On Thu, Jul 21, 2016 at 4:43 PM Guido van Rossum <guido@python.org> wrote:
Are these folks dissatisfied with a union type: ``Union[Sequence, Set]``? (Another useful concept is "reiterable", i.e. an Iterable that can be
"Reiterable" seems to cause vocabulary confusion regularly on this list. It also has a common case for runtime checking: if not isinstance(iterable, Reiterable): iterable = list(iterable) It's hard to think of a good name to describe ``Union[Iterable, Sized, Container]`` and it'd still have the confusion of whether it's re-iterable. Does the concept of "reiterable" imply that an iteration does not mutate the object? If so, then if something is both Reiterable and Sized, it should also be a Container.

On Thu, Jul 21, 2016 at 2:14 PM, Michael Selik <michael.selik@gmail.com> wrote:
I don't know if they are, but I am. :-) Unions look pretty ugly, and there are obvious implementations that satisfy all three criteria but are neither sequence not set (e.g. mapping).
What kind of confusion?
It's hard to imagine it having a size and not being reiterable. FWIW IIUC the most common idiom to test for this is: if iter(iterable) is iterable: iterable = list(iterable)
Does the concept of "reiterable" imply that an iteration does not mutate the object?
I think that's generally true, though it's not the key property. The key property is that after iterating until the end, you can start over from the beginning just by calling iter() again. Example types that don't have this property include streams and anything that is itself the result of calling iter() on something more stable.
If so, then if something is both Reiterable and Sized, it should also be a Container.
Agreed. (Container is not implied by Iterable mostly because for a once-iterable, "x in c" consumes the iterable.) -- --Guido van Rossum (python.org/~guido)
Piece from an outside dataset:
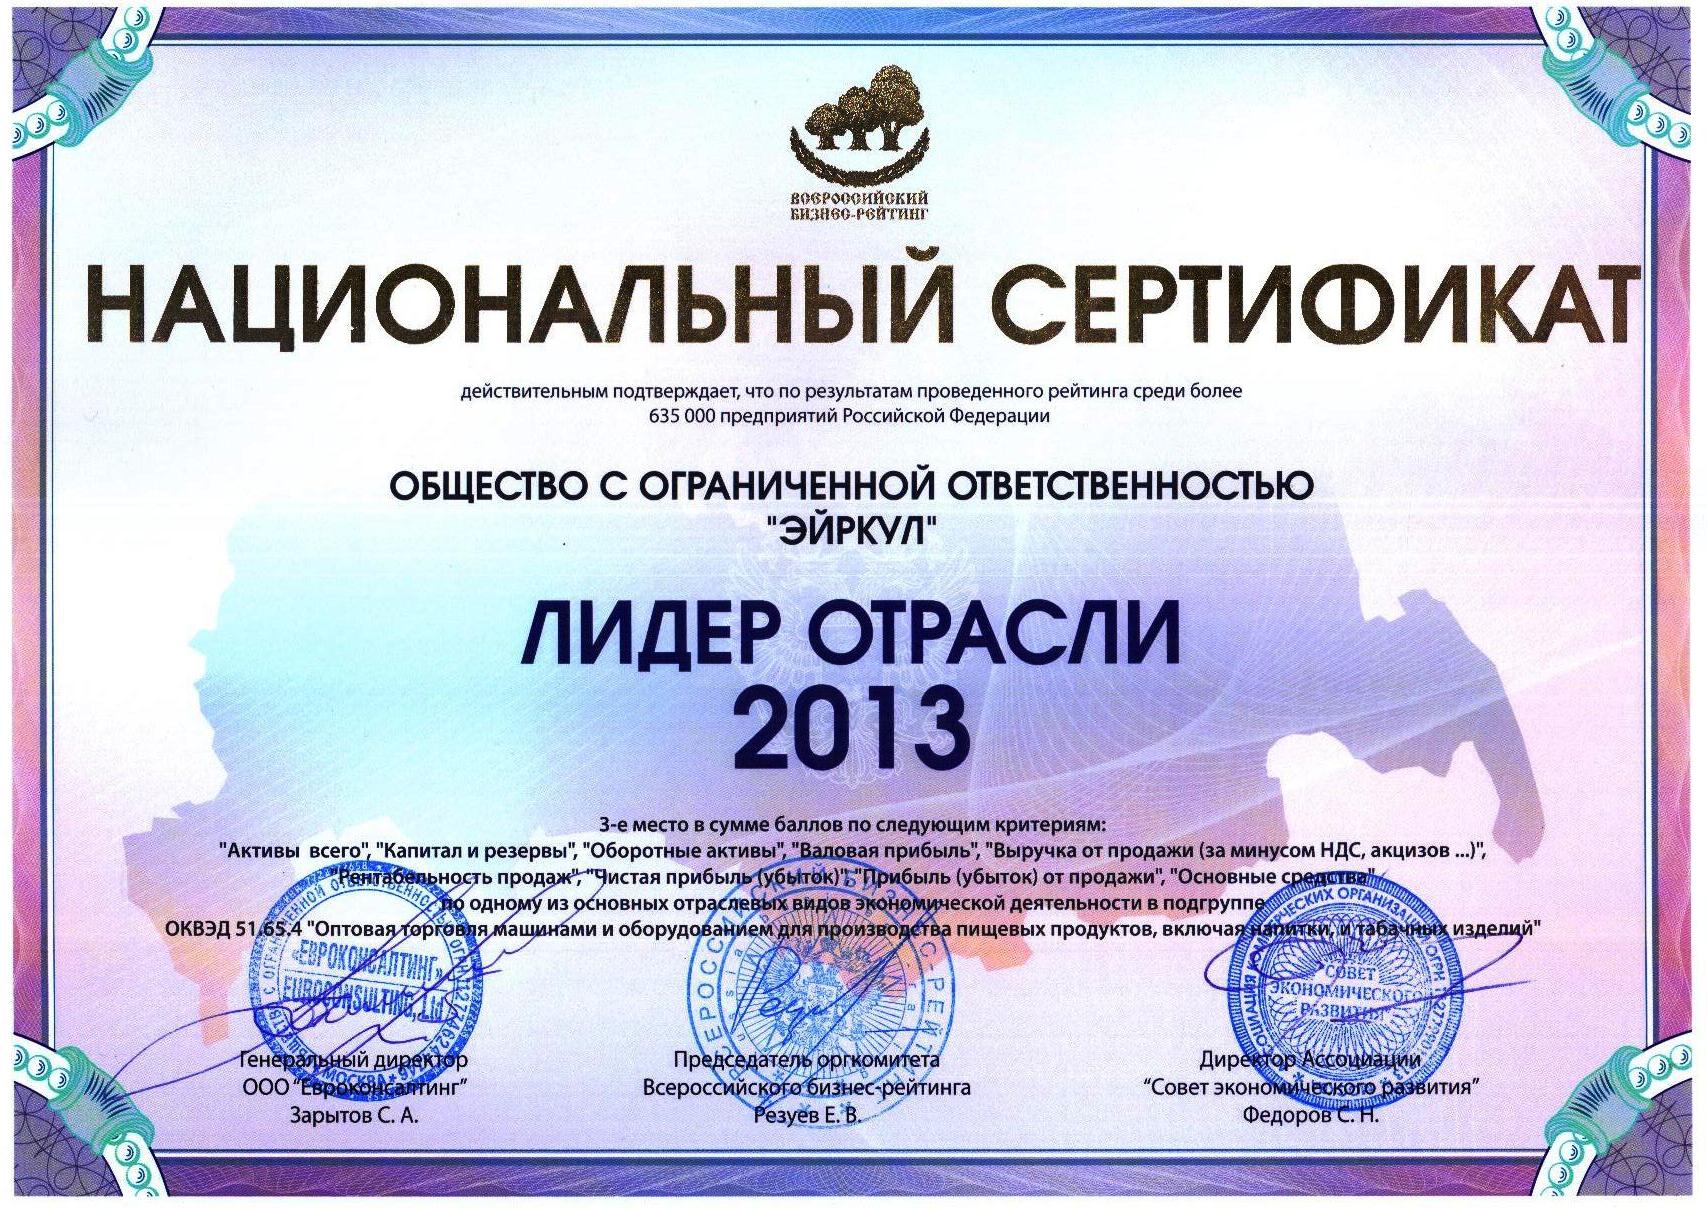 сертификат лидер отрасли 2013

On Thu, Jul 21, 2016 at 5:29 PM Guido van Rossum <guido@python.org> wrote:
Someone accidentally says iterable when they mean reiterable, and then there's a handful of emails pointing that out and arguing about what the right word should be to describe something (like range) that can be iterated over more than once, but isn't necessarily a sequence, set, or mapping.

But there's already Container which means "supports __contains__". Collection might cause confusing with the module name collections. Otherwise either would be a good candidate... On Thu, Jul 21, 2016 at 4:51 PM, Greg Ewing <greg.ewing@canterbury.ac.nz> wrote:
-- --Guido van Rossum (python.org/~guido)

On Thu, Jul 21, 2016 at 5:05 PM, Thomas Nyberg <tomuxiong@gmail.com> wrote:
Neither "static" nor "const" convey the right meaning.
Personally I think Reiterable is about as clear as it ever will be...
Yeah, I think that's my conclusion as well. -- --Guido van Rossum (python.org/~guido)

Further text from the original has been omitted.